Thursday, May 10, 2007

As Temporary Times Unfold.....


So music really inspires me. This is something that I really can't explain. Five minutes ago I was thinking of writing something over here and I put it off as I really didn't want to do it. Right now I am listening to songs from Rang De Basanti and I can't stop writing. It's just something that puts me in a world that is mine. It is ridiculously relaxing. All I can feel right now is the enjoyment I get from the music. I am guessing that's why my people believe music is very close to God. I don't really know what I want to write right now. I am recalling a scene that happened a year from now. It was a normal day. We went to school and sat in one of the lecture halls to study as we didn't have any room in the library. Anand then comes up with this thought that after two years we will all be on our separate ways and we might not be able to see each other. I am smiling right now thinking of it. There was a time in India when I was with Dhvanil and Nisarg watching the movie. We were wondering whether it could really happen to us. This moment was exactly like the one that took place today. Less than a year after that, it was decided that I am going to USA. When Anand told me that sentence, I was completely indifferent. I didn't want that to happen, but I did not want to say anything about it either. I told him that I might not even be alive after two years.

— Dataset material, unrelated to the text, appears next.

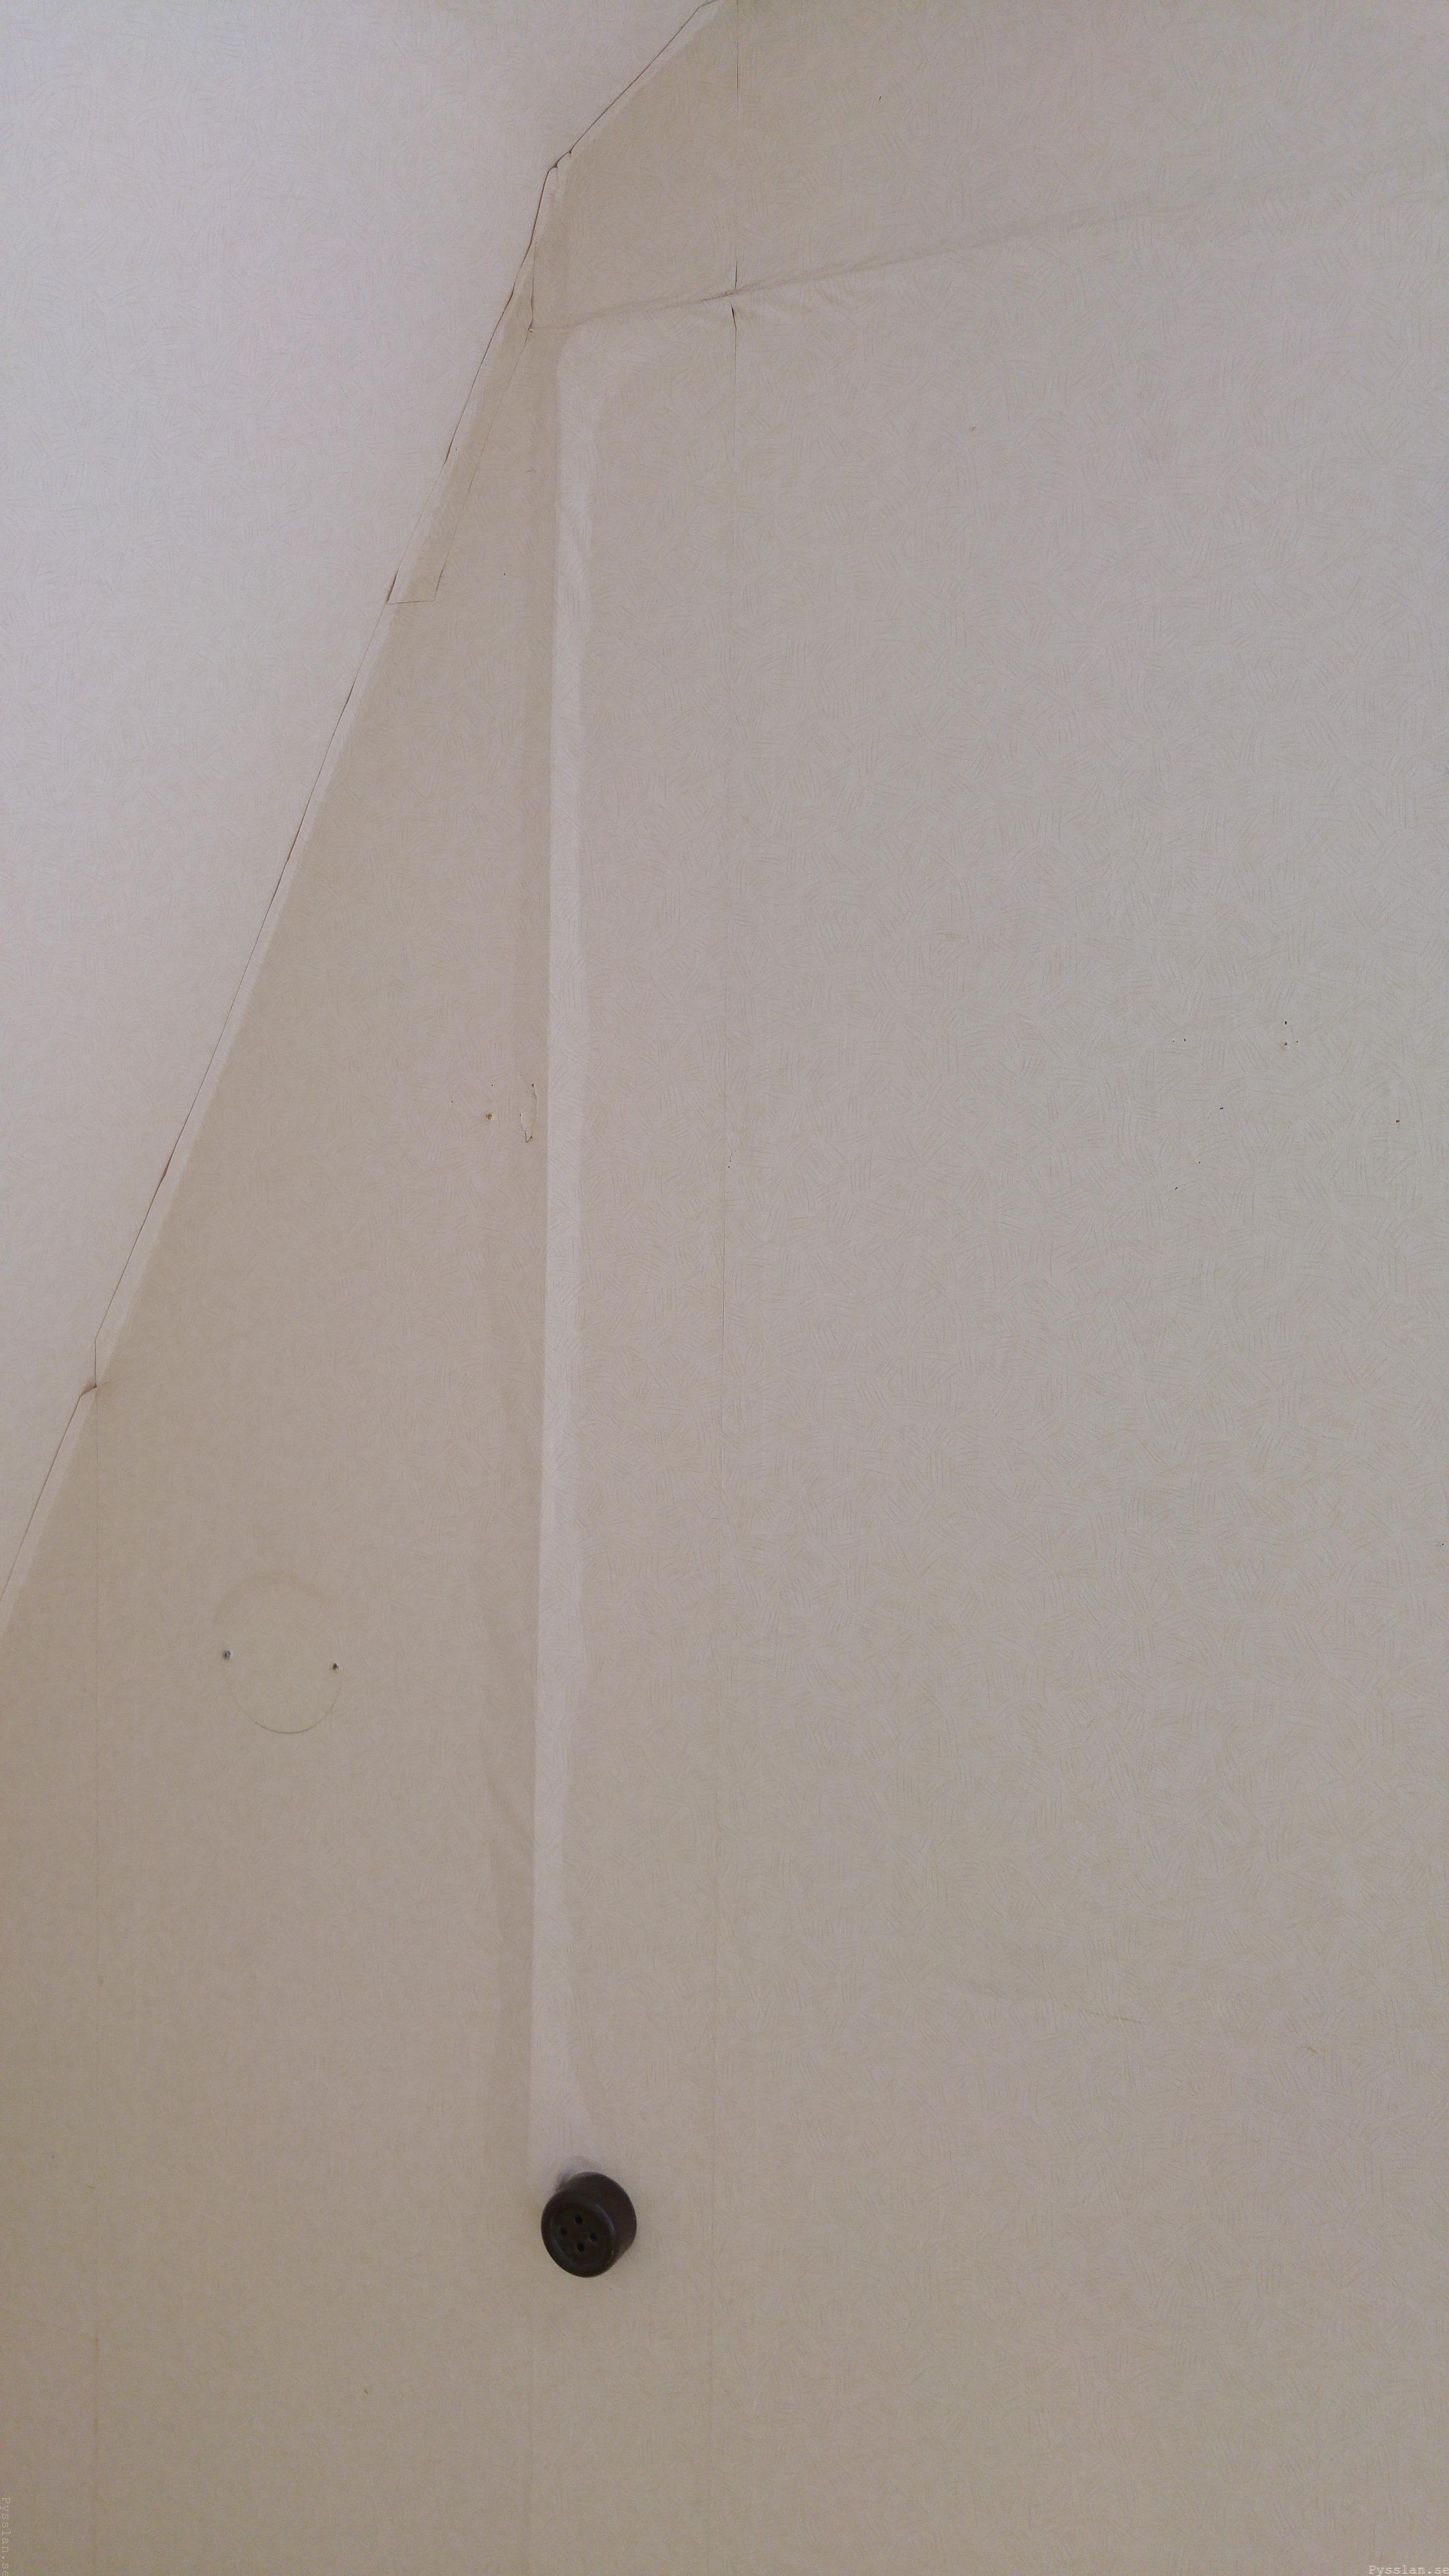 drömhus 20-talshus rött hus vita knutar renovering jugend husdröm pysslan blogg backelit uttag lilla sovrummet

Why does money have to be so important that you have to lose your best friends and life for it?These moments that I am going through with my friends right now will never be available to me again. How will I feel when I think about these times ten years from now? Anand asked me to promise me that I will keep in contact. "Keeping in contact" doesn't mean anything to me. Lol, I am still in contact with Gagan, Dhvanil and Nisarg, am I not? But its never the same. Its never going to be the same. Its all because of money. Money kills. At least I have my family that will be with me until the end.
Wow, listen to this....

......मेरी पतंग हो बेफिकर उड़ रही है माँ
डोर कोई लुटे नहीं, बीच से काटे ना.....

I think this man is trying to emotionally take over me or something. A.R. Rahman is the pinnacle of music. Really! Music can change my mood tremendously. Why can't I make music like this when I grow up? I can't see anything like that anywhere in my future. But I hope I will make music like this when I grow up. And once I do it, I hope it will impact someone like it has impacted me now. Not because I want money or fame or anything material out of it. But just because it's the best feeling. I want that person to experience what I am experiencing right now. You really have to be lucky to go through what I am going through right now and I thank God with all my heart for everything.